If you need to catch a direct bus to Orly or Charles de Gaul airport then hurry to the Air France building located in Esplanade des Invalides (2 Rue Robert Esnault-Pelterie and stretches along Avenue du Marechal Gallieni) is close to the Assemble Nationale mentioned earlier.  This grand old structure was built in 1867 as a railway station to transport people to the temporary buildings set up on the Esplanade des Invalides for the universal exposition of that year.  If you have time before taking off to the airport or want to take a break from your long day exploring the 7th, stop for some lunch or dinner at the ministers and politicians favourite restaurant Chez Francoise inside the Air France building.  The restaurant was established in 1949 and was romantically named after the owner’s great love Francoise where you can enjoy your last elegant, traditional French meal before taking off to your next destination.

And as you head down to the Bir Hakeim metro station to get to your next Paris stop take the time to walk along the lovely Pont de Bir-Hakeim bridge where you’ll also come across the enchanting Île aux Cygnes – an island that stretches out from the river.  The Bir Hakeim bridge is named after the Turkish fort in Libia where the Free French, who answered the call to arms by General De Gaul, held off German and Italian forces for 16 days during World War II.  To get to the L’Allée des Cygnes (Swans Path) cross the round about next to the Bir Hakeim metro stop and follow the bicycle track that goes along the elevated metro line over the river.  Once you’re about half way across the path look out for a sign that says L’Allée des Cygnes (Swans Path) which is a delightful tree lined garden that runs through the centre of this 850 metre long island that is only 11 metres wide.  It is a lovely place for a stroll, picnic and where you’ll find locals jogging and excercising or lovers kissing by the edge of the isle.  The island is an artificial one made in the 1820’s to act as a haven for the nearby Seine river port of Grenelle.  Even though the swans who gave the island its name no longer live here there are other surprising points of interest to take a peek at like the smaller version and sister statue to the Statue of Liberty in New York.  This smaller version of Lady Liberty, created by Frederick Bartoldi and inaugurated in 1889, faces west towards the Atlantic to New York and the much taller Lady Liberty was gifted to America by France as a symbol of International alliance in 1886.  Also check out the La France Renaissant (France Reborn) statue on the eastern tip of the island.  This bronze statue is the work of Halder Vaiderkinch and was gifted to Paris by the Danish in 1930.  After such a long day of exploring the beautiful 7th arrondissment, why not take the time to sit under a shady tree at the l’allee des cygnes and enjoy a delicious spread you may have bought over at Rue Cler earlier.

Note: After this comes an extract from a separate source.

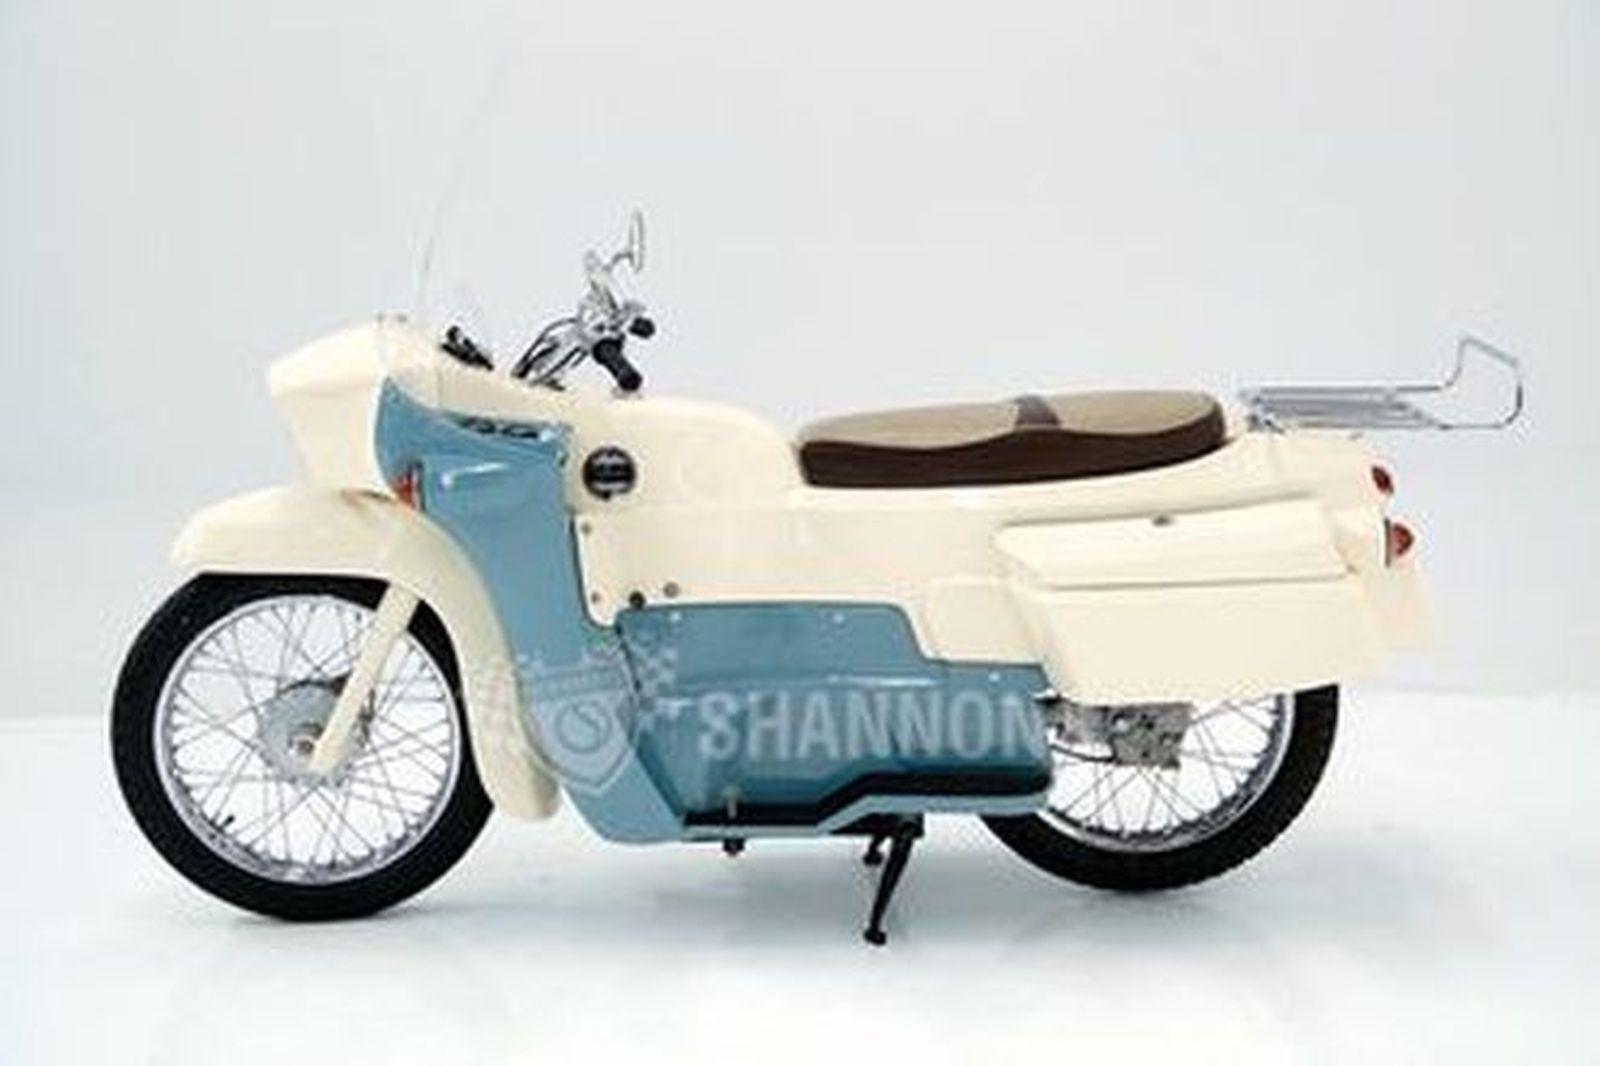 Velocette 198cc Vogue Motorcycle
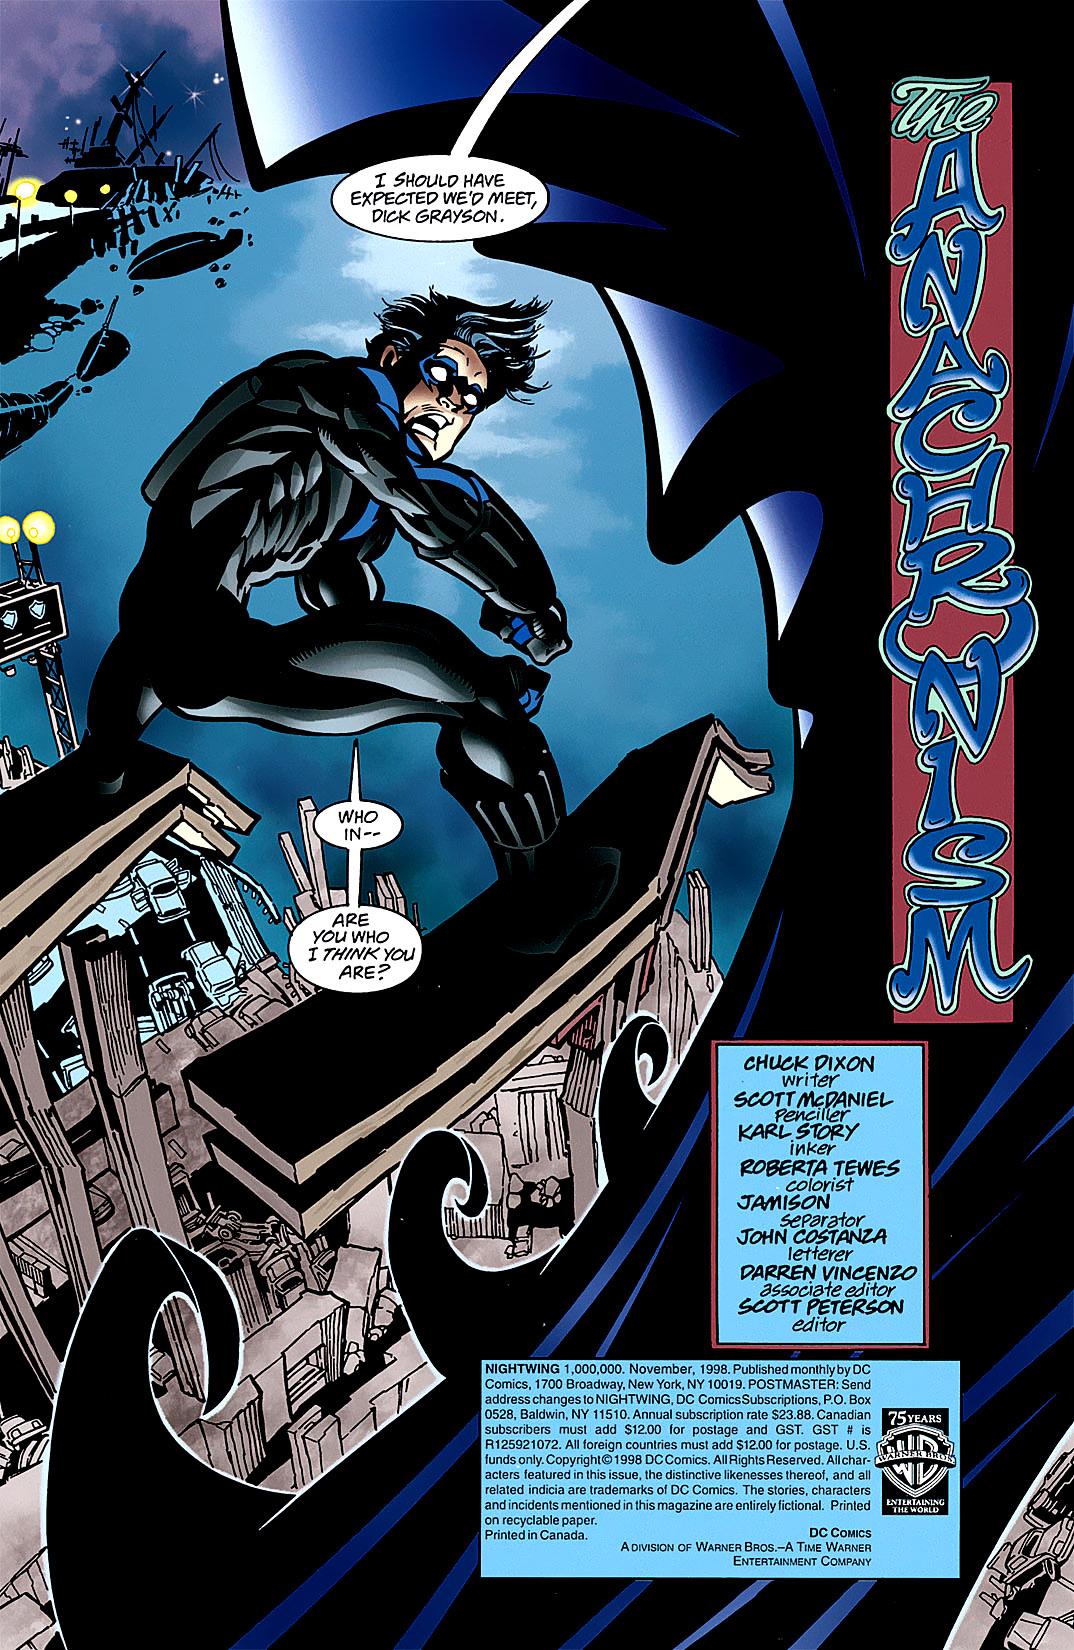 Nightwing (1996) chap 1000000 pic 3

Some recommendations on places to stay in the 7th would be La Comptesse Tour Eiffel at 29 Avenue de Tourville which is a true gem.   This wonderful hotel with beautifully maintained and decorated rooms, offers great service and buffet breakfast and a drop dead gorgeous views of the Eiffel Tower from every room.  This hotel is only steps away from a metro stop and taxi stand, nice restaurants and cafes and the delightful Rue Cler and nearby streets mentioned earlier with only a 15/20 minute walk to other points of interest including the Eiffel Tower and others you’ve just read about in the post.  If La Comptesse isn’t in your budget or you can’t get a room try to find time to have a lovely high tea at their stunning dining salon inspired by the reading salon culture and characters of the enlightenment era.  Other nice hotels in the area would be Hotel Duquesne Eiffel, Hotel Le Tourville or go to Paris Perfect at or to book and locate an apartment near Rue Cler or with Eiffel Views because if you’re staying in the 7th why not enjoy views of the Iron Lady from your apartment.   And as the Eiffel sparkles at night as your’e enjoying an evening glass of wine and dinner courtesy of Devoli’s on Rue Cler you certainly won’t regret your decision staying here or simply visiting one of the nicest areas in Paris.